Method for generating higher order genome editing libraries
Abstract
CRISPR/Cas and RNAi are powerful methods to perform loss- or gain-of-function gene perturbation experiments. This novel method facilitates the fast generation of CRISPR/Cas or RNAi target sequence libraries in any desired complexity without unwanted sequence bias.
Applications
- Gain & loss-of-function genomic screens
- Targeted or unbiased libraries
- Species independent (3Cs-TGW)
- CRISPR/Cas systems
- shRNA and miRNA (RNAi) formats
Customer benefits
- Libraries of any diversity (tested to 1012)
- No sequence bias
- Synergistic double knockouts
- Restriction enzyme and cloning free
- Very fast and highly reproducible
- Reduced costs (only 1 primer needed)
- Rapid protocol (2hrs)
Invention
Currently available CRISPR/Cas or RNAi gene perturbation libraries differ significantly in their design and extend. Methods to generate these libraries are based predominantly on conventional restriction enzyme-digestion or Gibson Assembly-directed cloning. As such, these libraries are prone to cloning artifacts and have an up to several hundredfold bias towards a subset of gRNAs directly impeding the scale and quality of subsequent applications and results. Therefore, there is an urgent need for novel methods to generate RNA/DNA-encoded gene perturbation libraries in any complexity without undesired biases.

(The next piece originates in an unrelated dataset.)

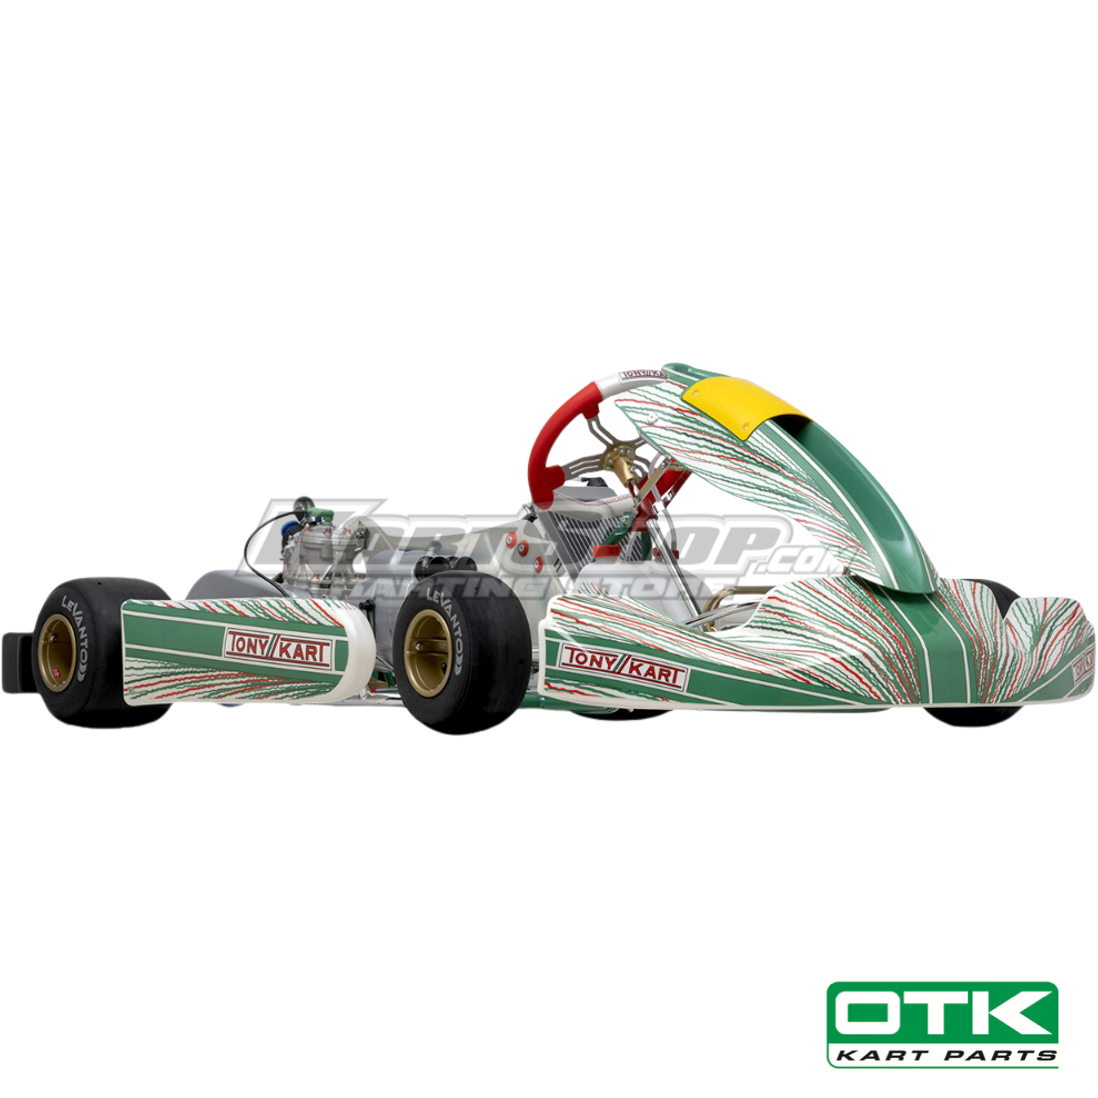 Tonykart Racer 401RR, KZ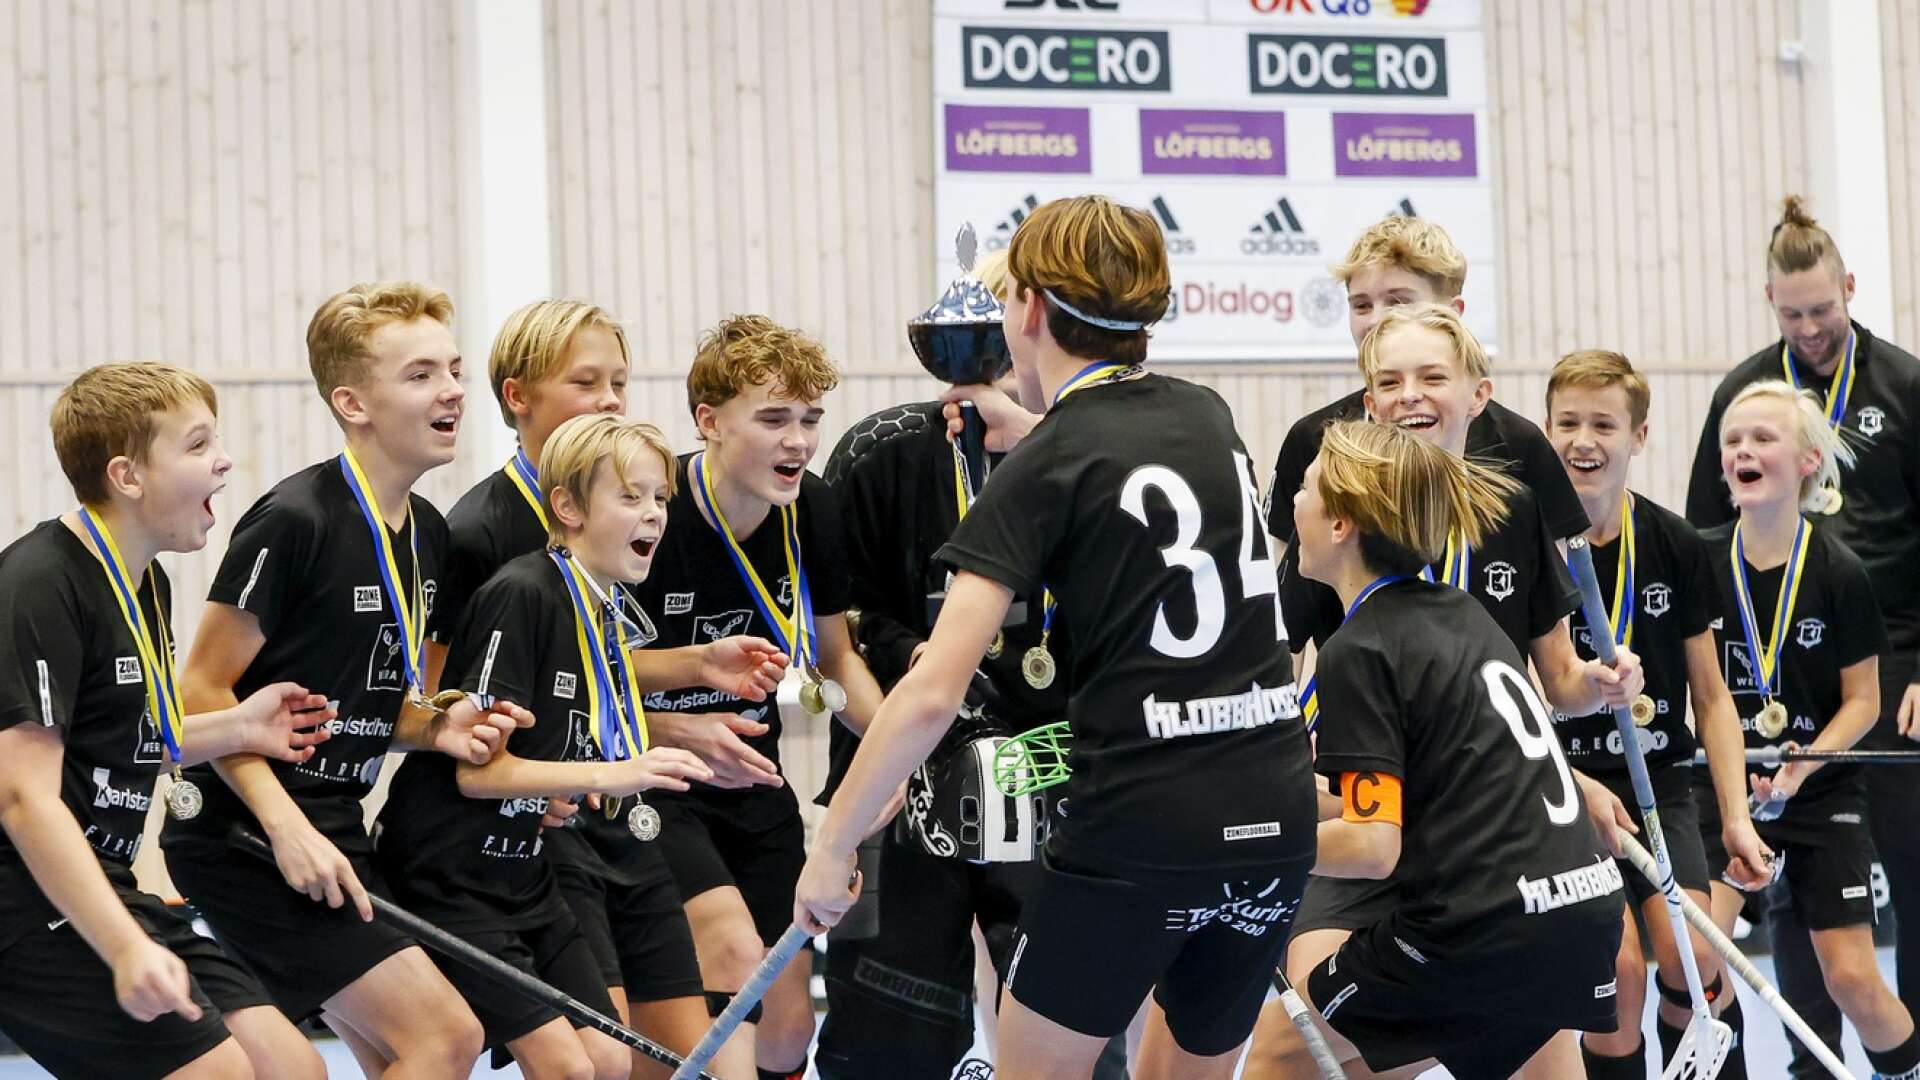 Hultsberg 1 och Hultsberg 2 möttes i finalen av Lilla VM, delade på guld och silver, och firade tillsammans.

We have established a simple and highly efficient method that allows the ligation-free cloning of gRNA libraries as well as individual gRNAs in standard gene perturbation plasmids. Our approach can be easily extended to miRNA and shRNA delivery vectors containing an f1-origin of amplification. The method relies on the isolation of single stranded DNA from filamentous phage f1 amplified in E. coli CJ236 in the presence of desoxy-uracil and subsequent hybridization with customer-designed gRNA encoding oligonucleotides followed by T7 DNA polymerase mediated oligonucleotide extension. The resulting Covalently-Closed-Circular synthesized (3Cs) gRNAs are used to transform highly competent bacterial strains to yield individual plasmids or pooled plasmid libraries. These can be used directly to establish individual gene knock-out cell lines or cellular screens. The method is very fast, safe, highly reproducible, extremely efficient, and allows the everyday researcher to establish arrayed gRNA knockouts of individual genes or highly diverse, unbiased truly genome-wide knockout libraries with up to 10 billion unique gRNA sequences. The 3Cs-method significantly shortens hands-on time and simplifies the implementation of gene perturbation experiments in any diversity.